• **Input data**:
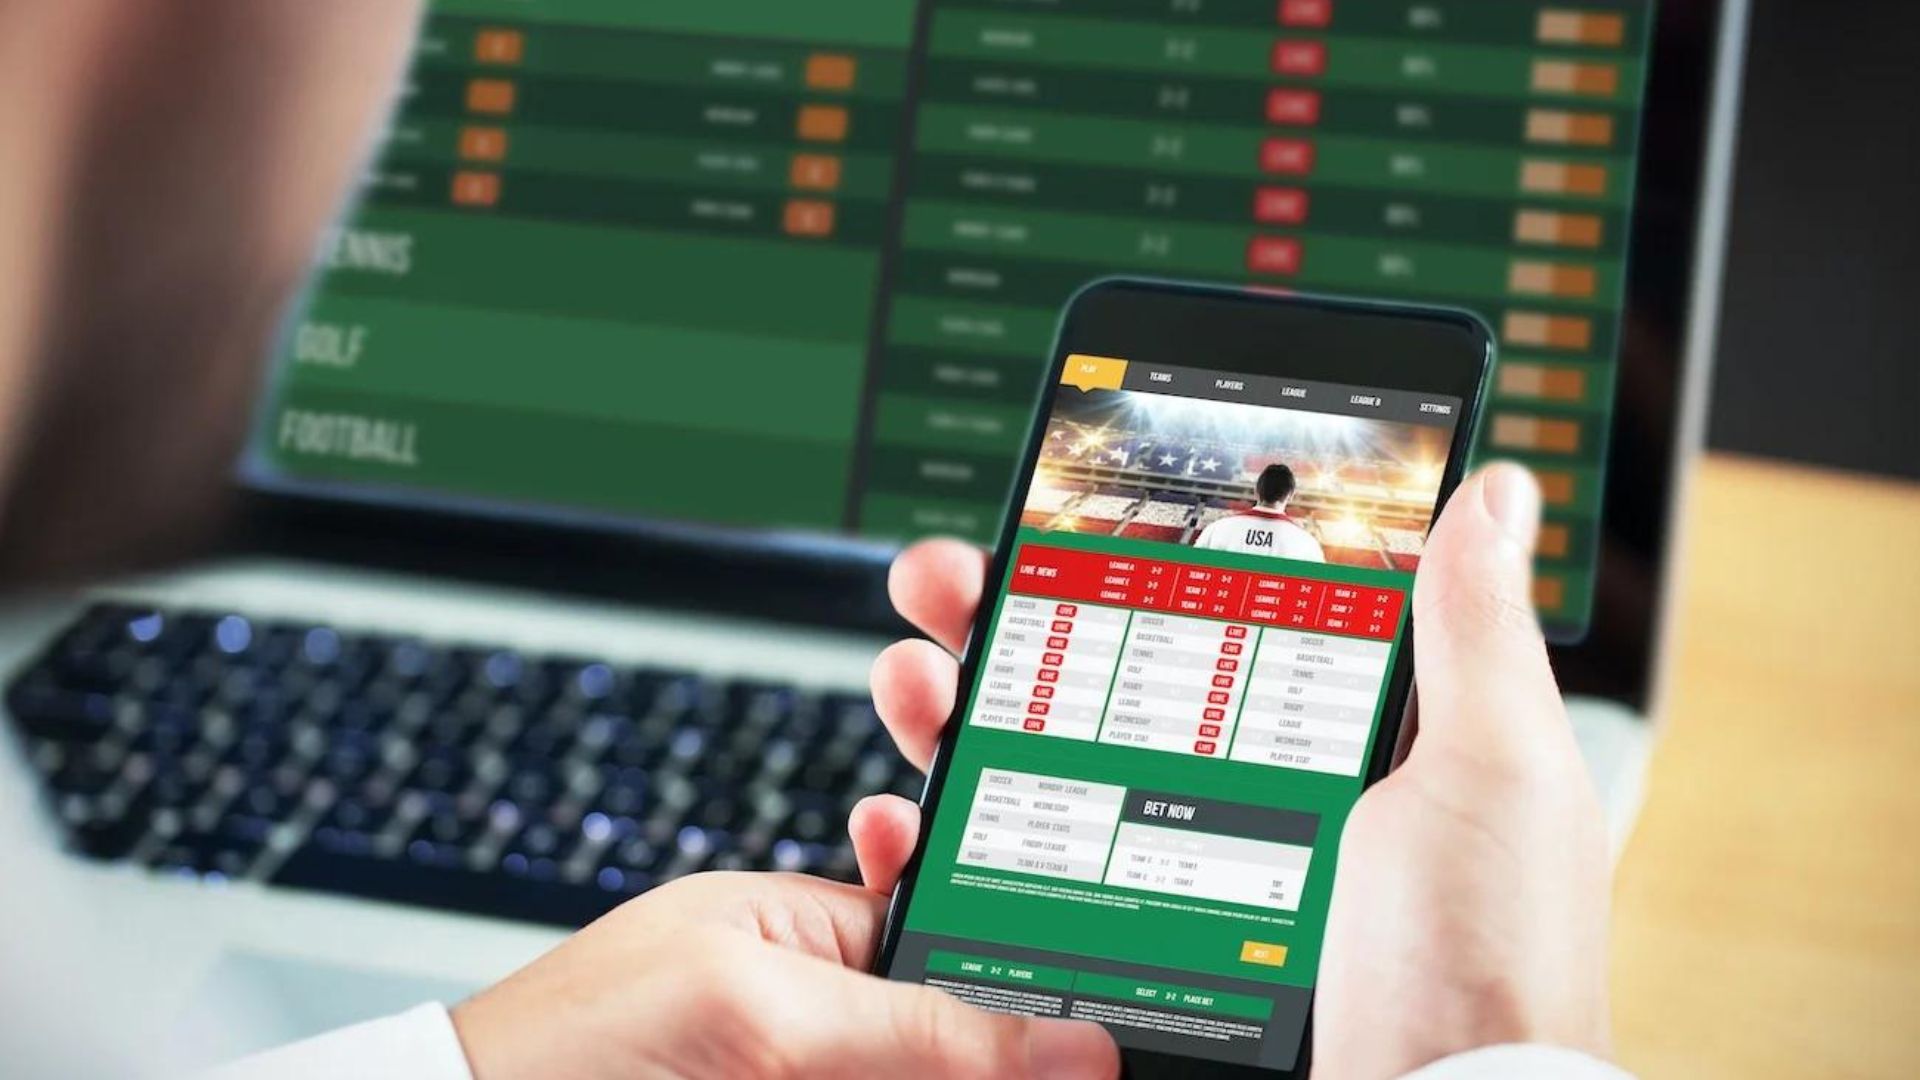 a person who is football betting on smartphone, laptop on the desk with betting odds
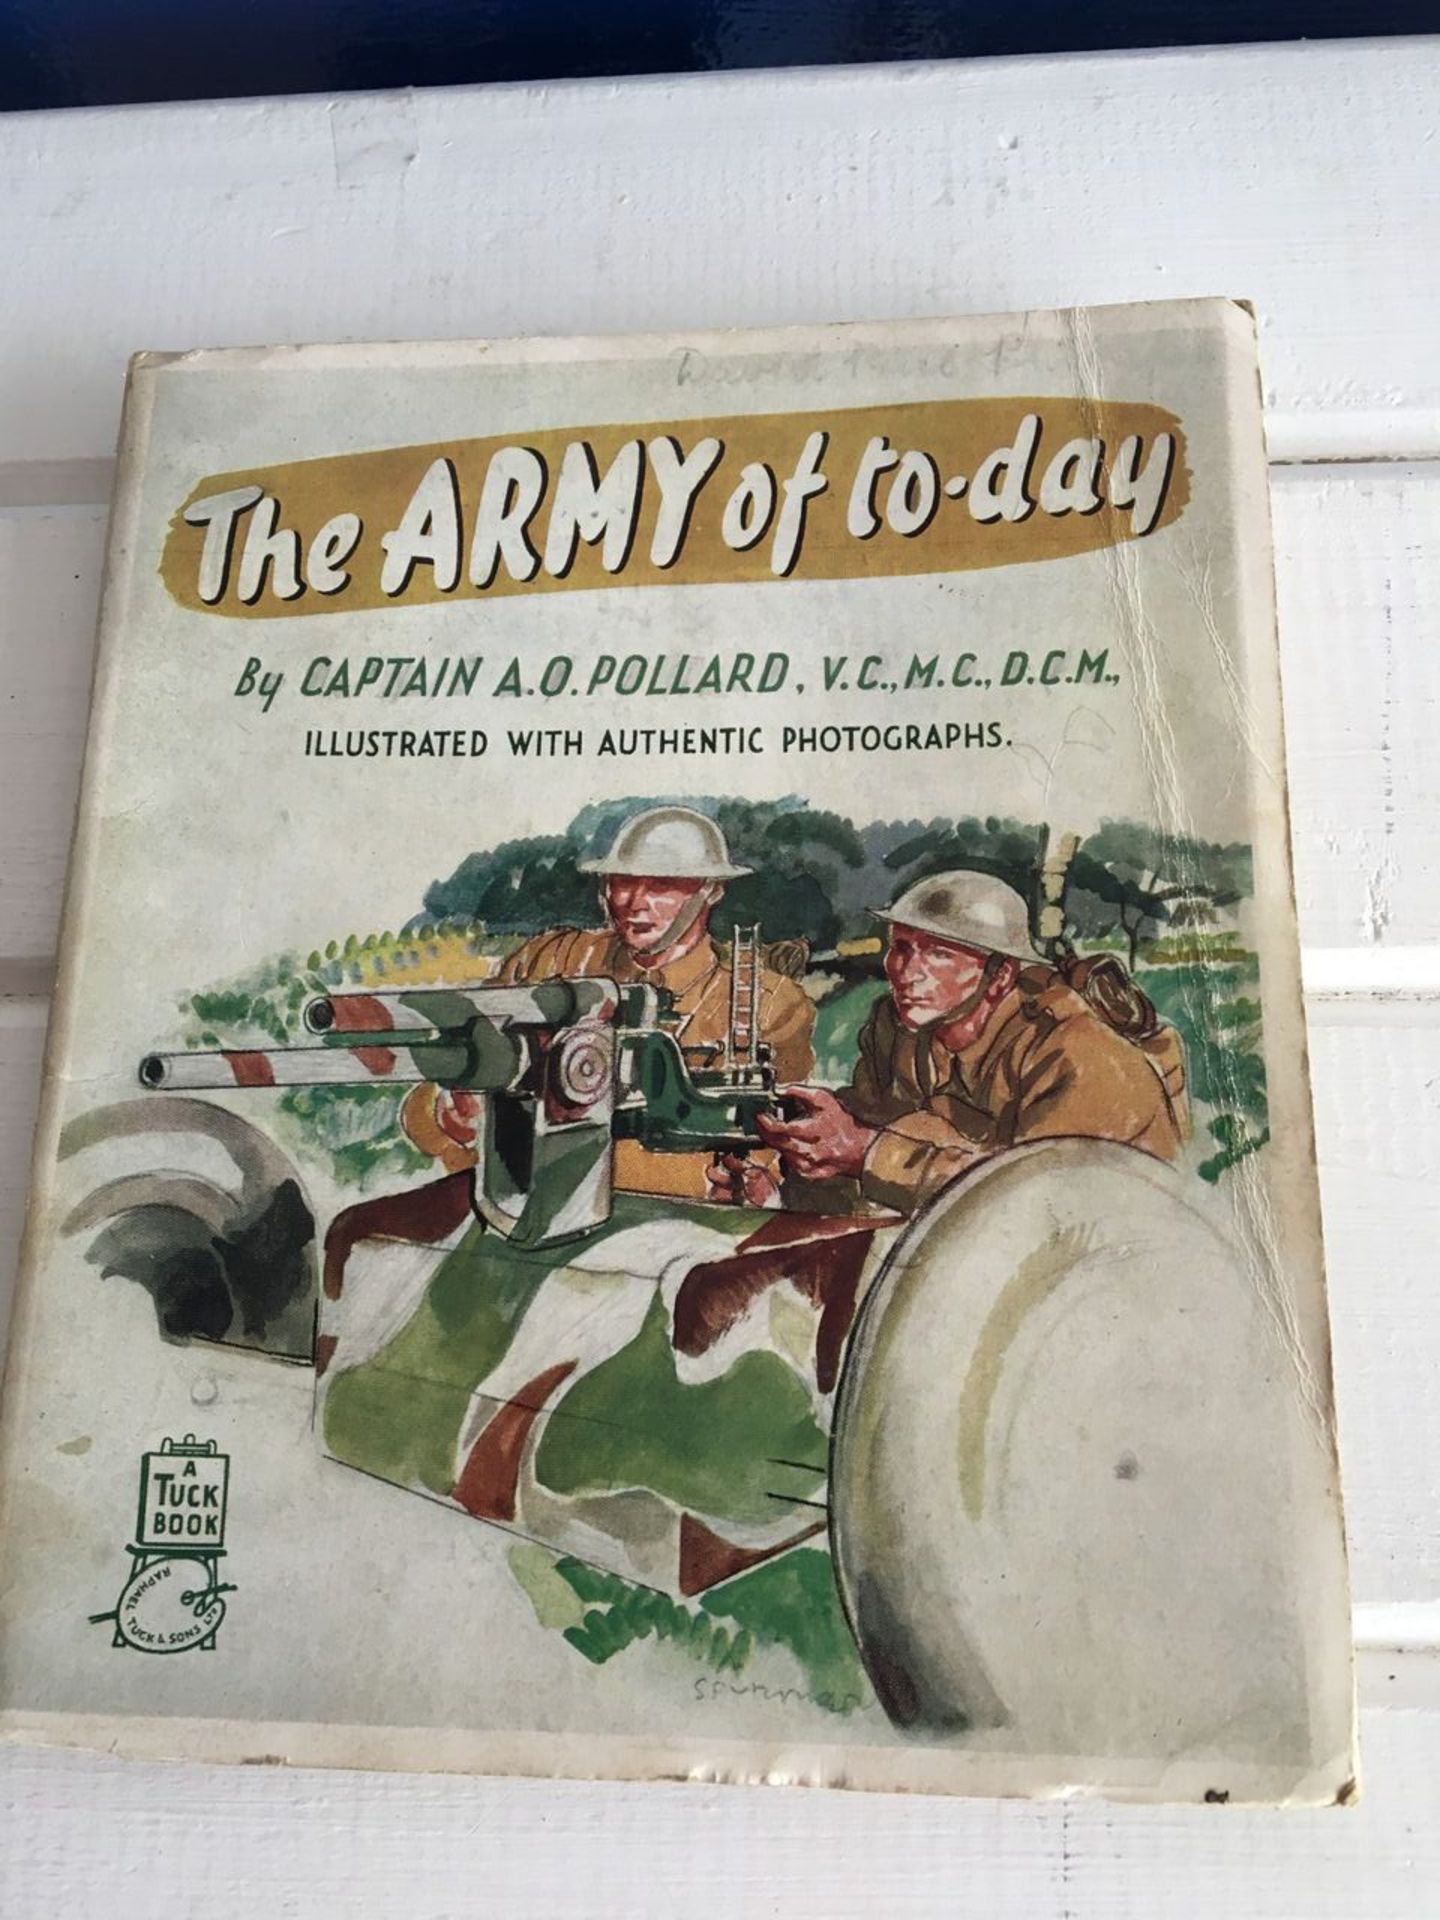 WW2 BOOK - TUCK & SONS - THE ARMY OF TODAY BY CAPTAIN A O POLLARD. 48 PAGES. FREE UK DELIVERY. NO
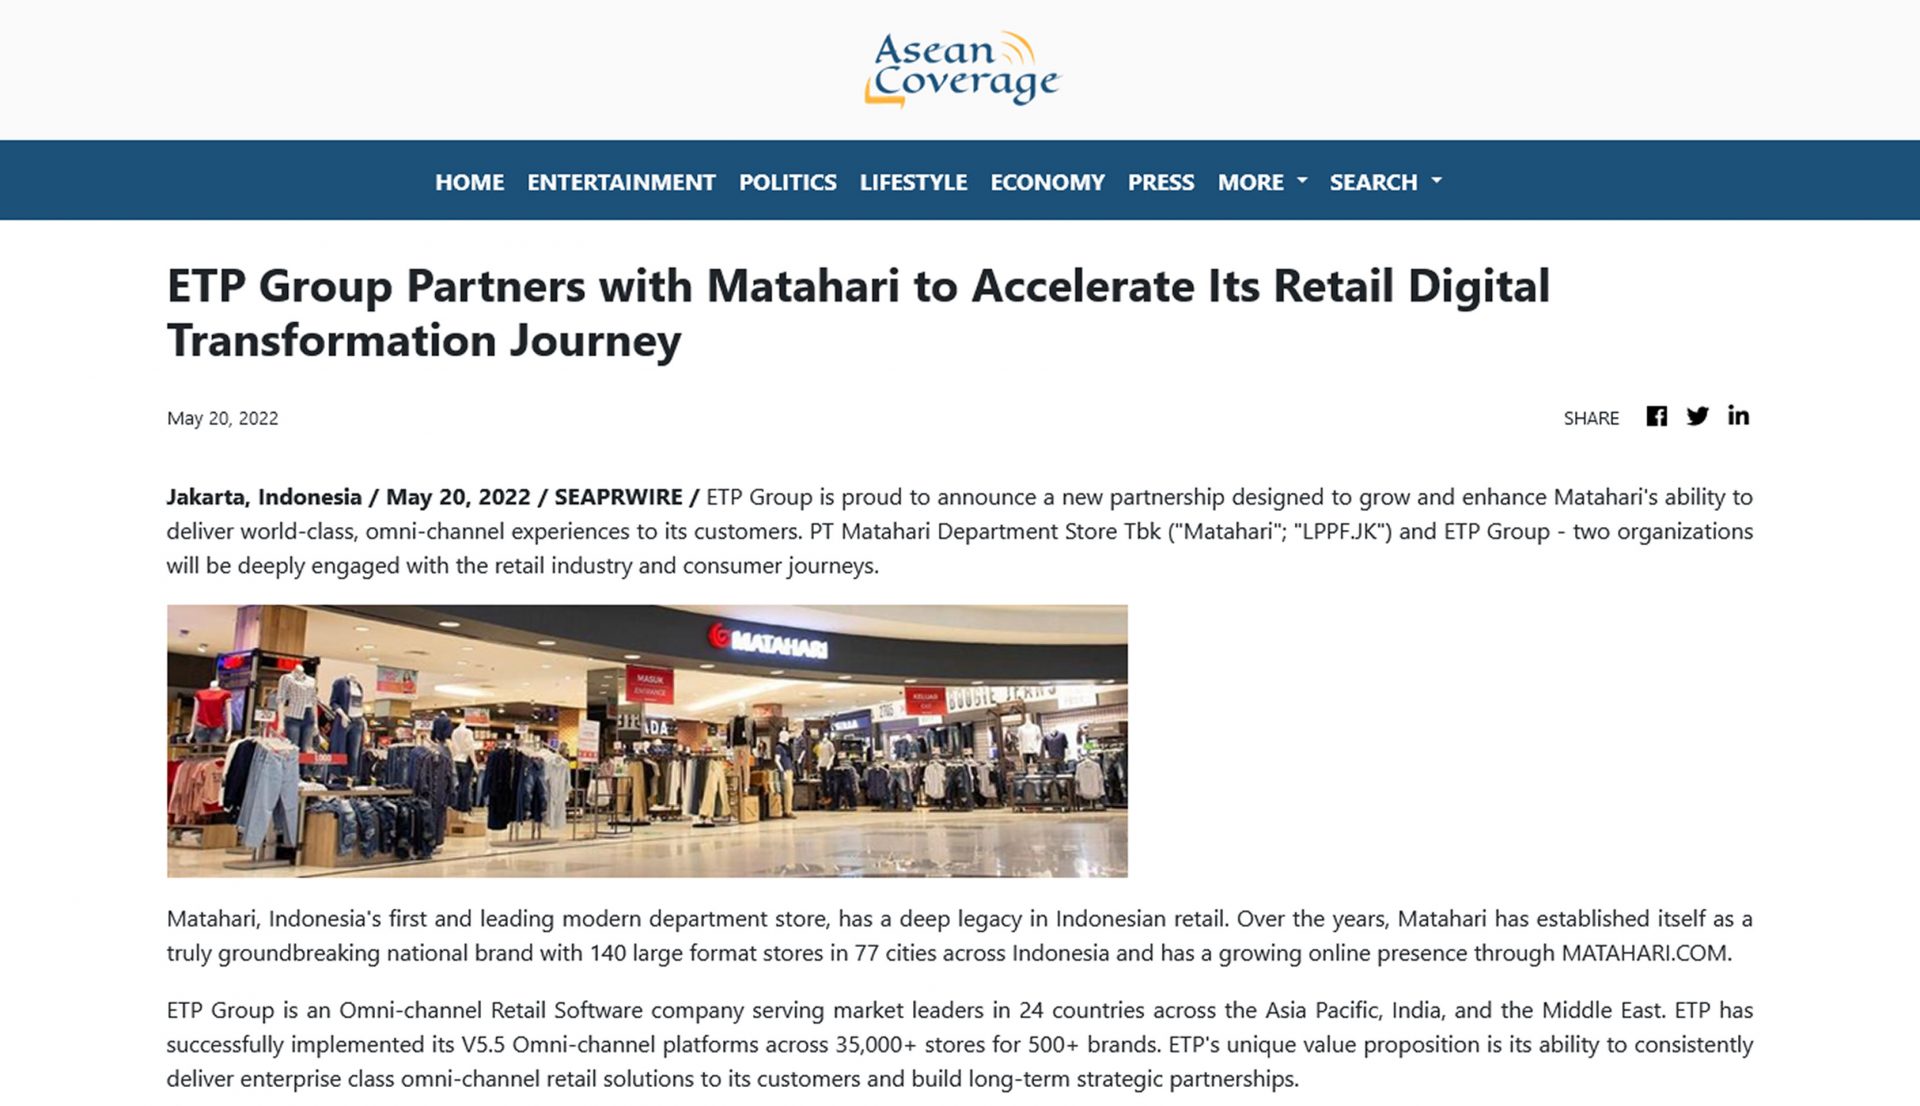 Asean Coverage: ETP Group Partners with Matahari to Accelerate Its Retail Digital Transformation Journey

• **Work item**:
Quote everything in the listing above exactly; pictures are the only thing to omit.

• **Task result**:
 a person who is football betting on smartphone, laptop on the desk with betting odds
 WW2 BOOK - TUCK & SONS - THE ARMY OF TODAY BY CAPTAIN A O POLLARD. 48 PAGES. FREE UK DELIVERY. NO
 Asean Coverage: ETP Group Partners with Matahari to Accelerate Its Retail Digital Transformation Journey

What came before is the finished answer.